▶ Work instruction:
Go to the line below that has "El lago de rama de árbol Foto de stock", print it and each line after it exactly, and stop after the line that has "Короткое пальто больших"; leave out pictures.

▶ Records to use:

^^^^^^^^

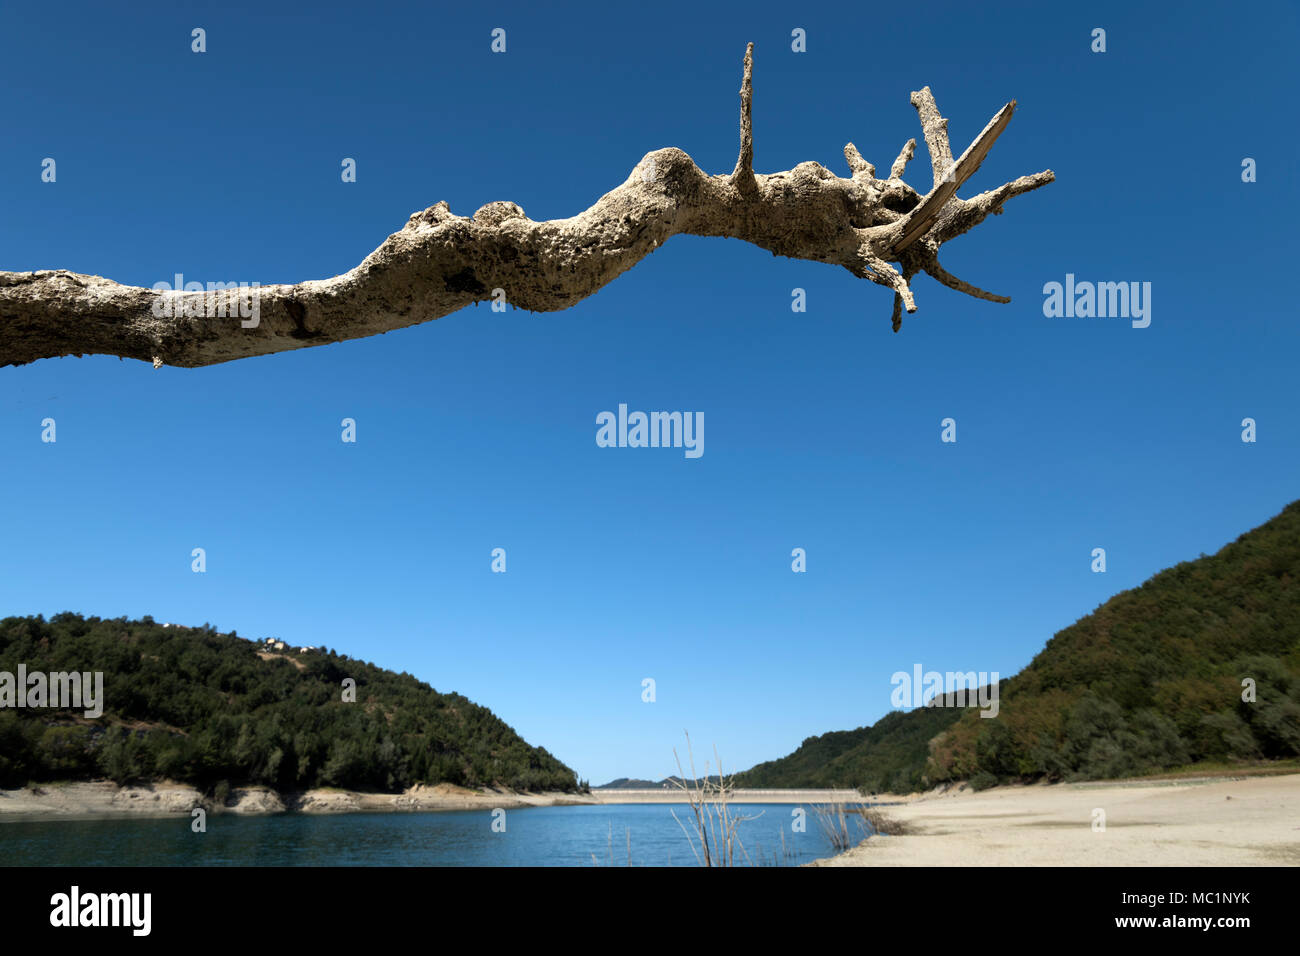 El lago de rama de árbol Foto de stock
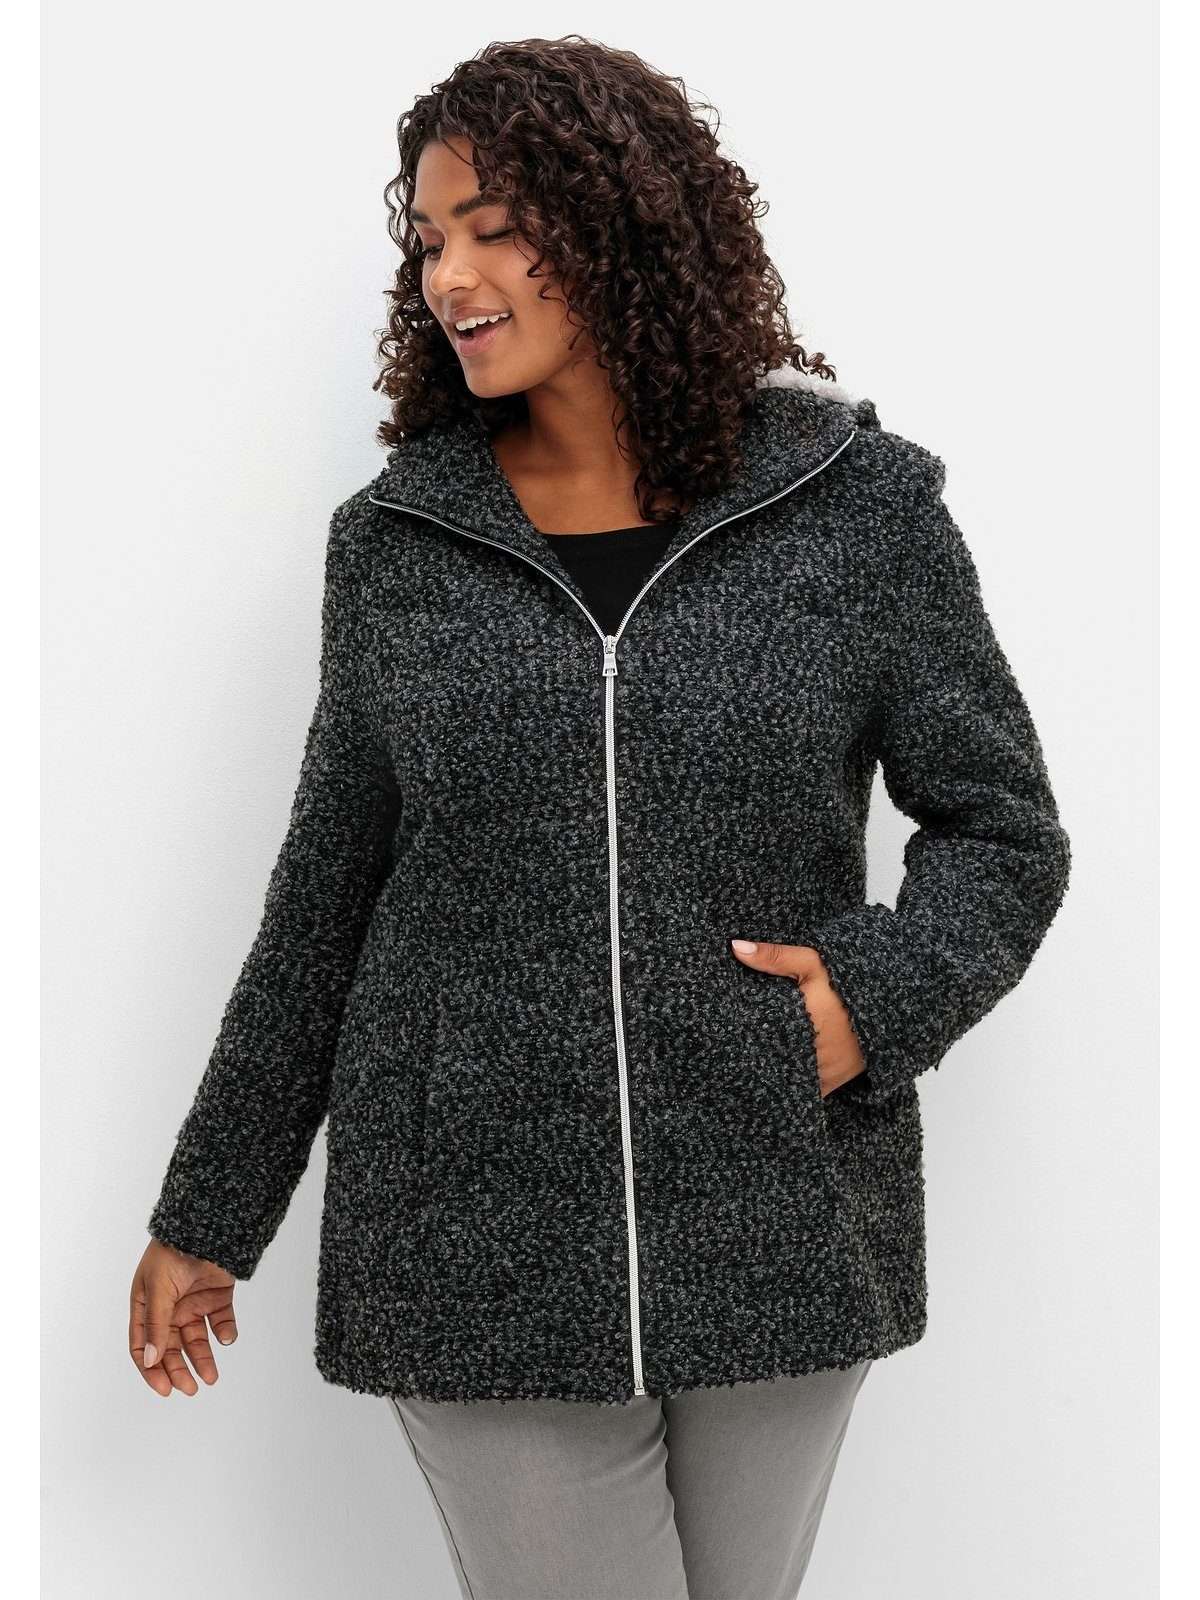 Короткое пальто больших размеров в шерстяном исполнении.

^^^^^^^^

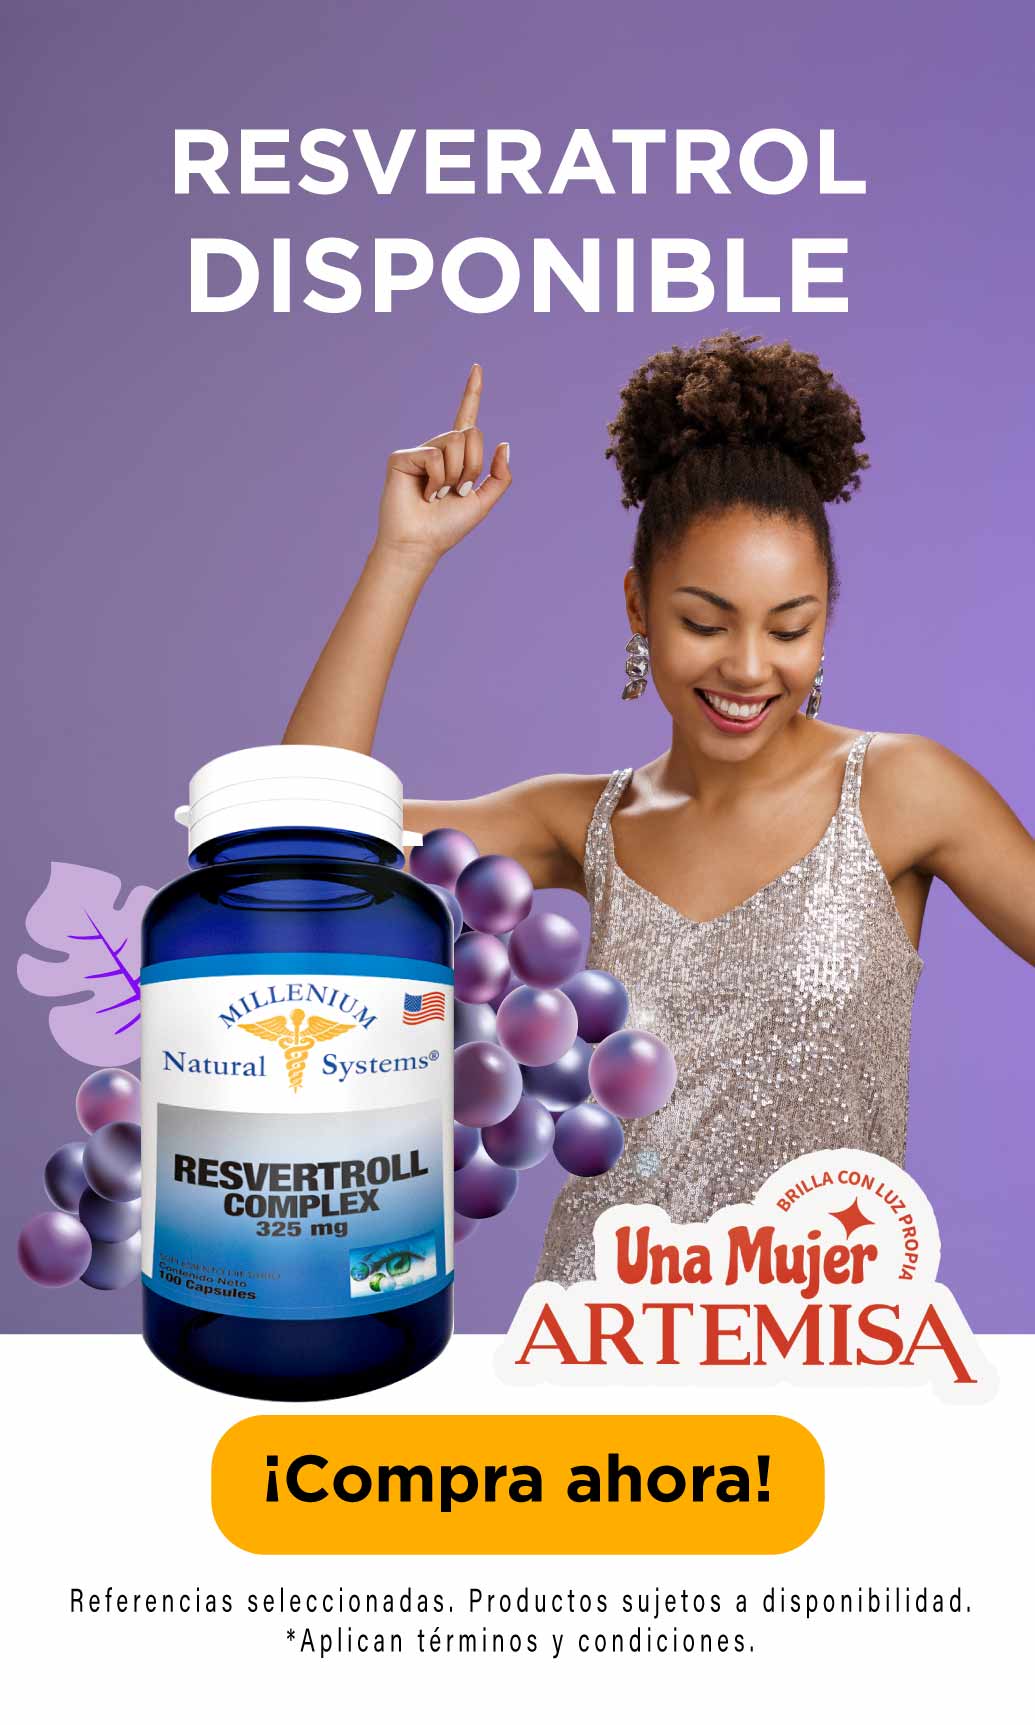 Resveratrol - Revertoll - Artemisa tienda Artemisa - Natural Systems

^^^^^^^^

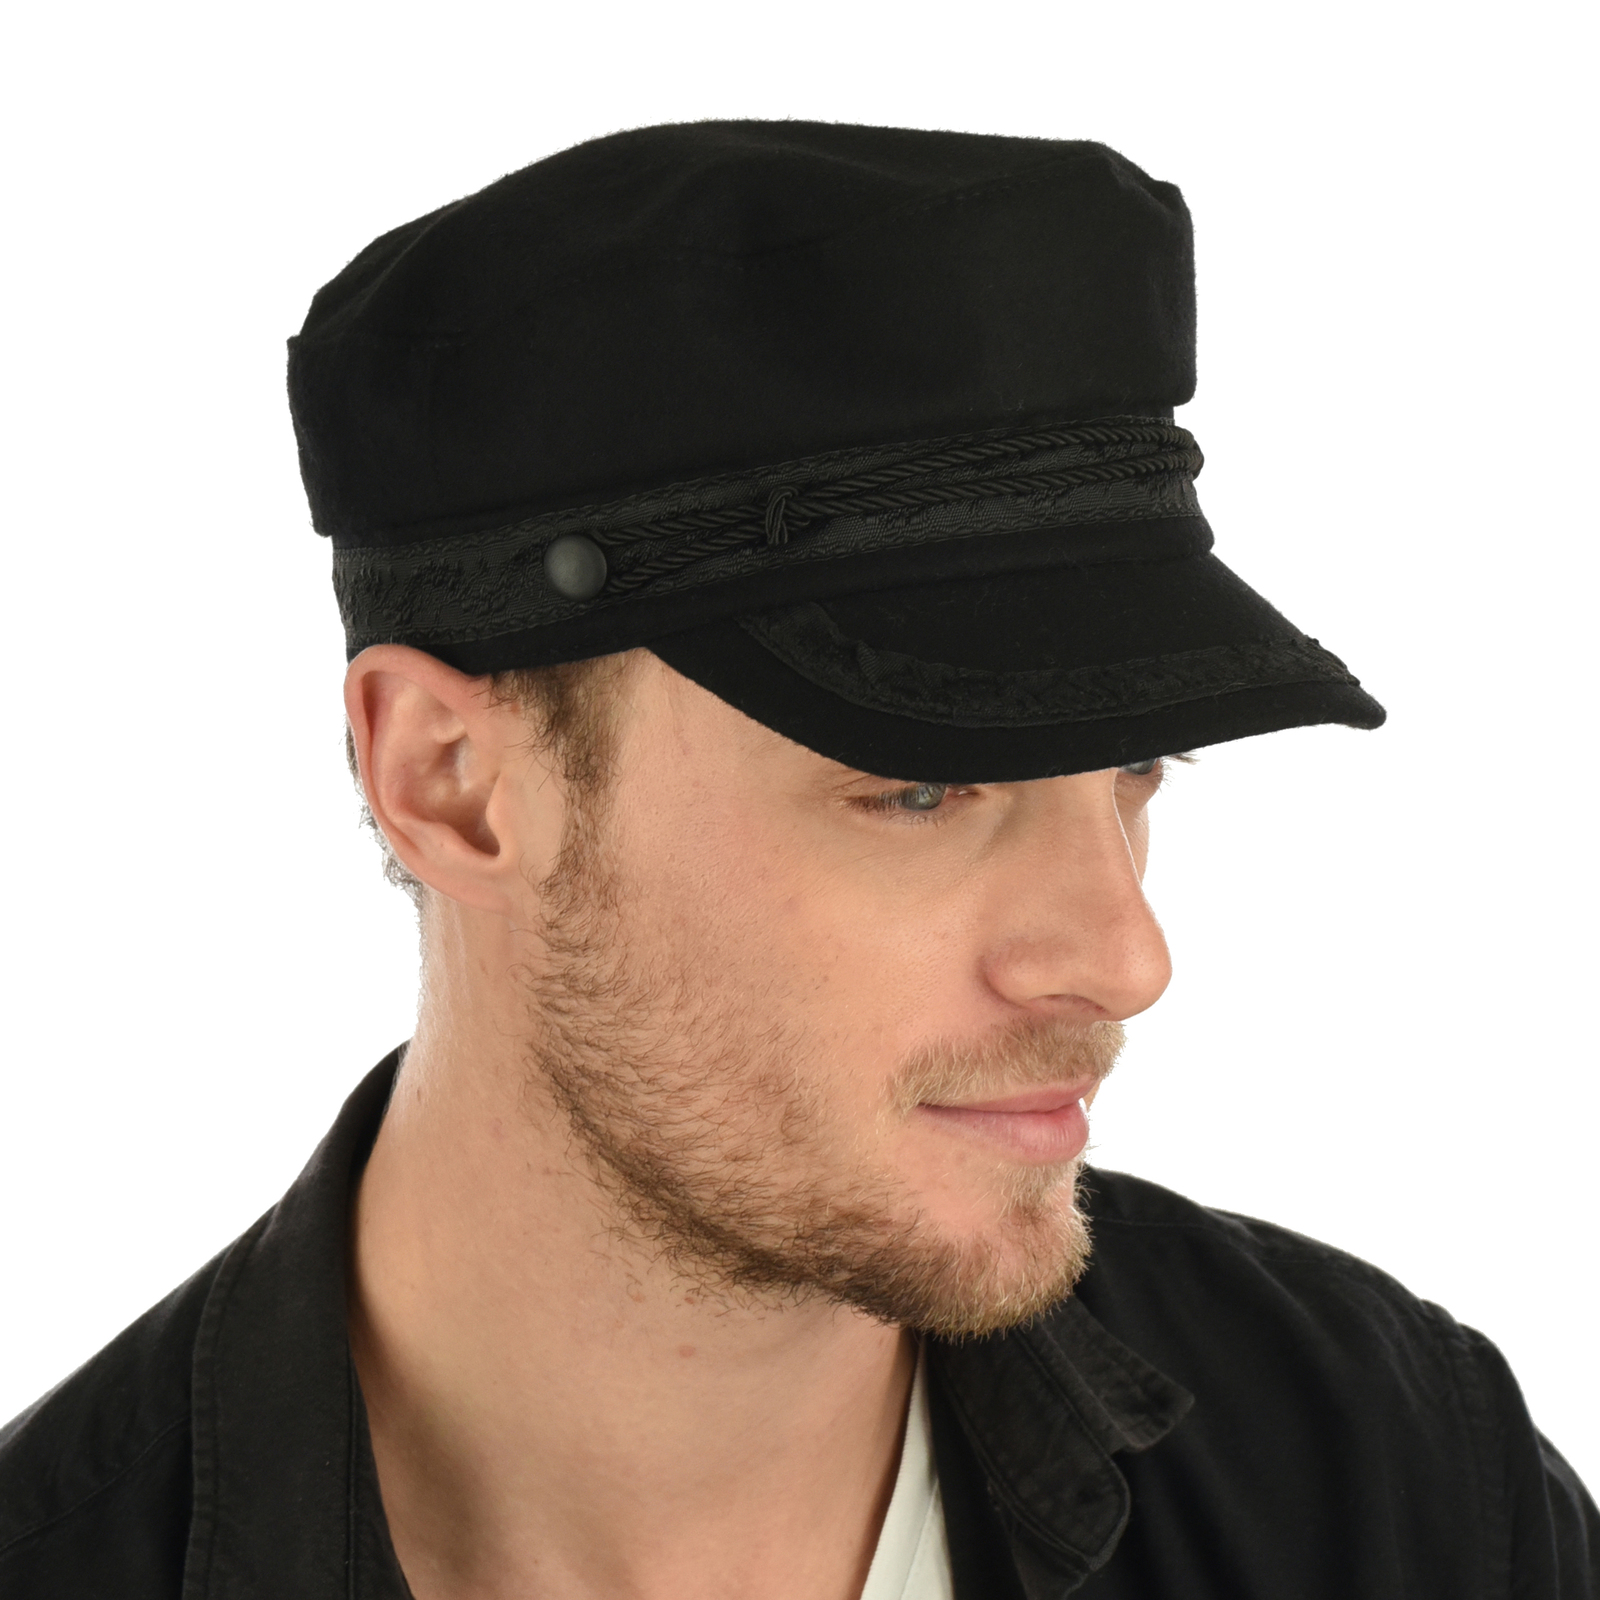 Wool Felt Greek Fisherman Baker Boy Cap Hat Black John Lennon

^^^^^^^^

▶ Completed task:
 El lago de rama de árbol Foto de stock
 Короткое пальто больших размеров в шерстяном исполнении.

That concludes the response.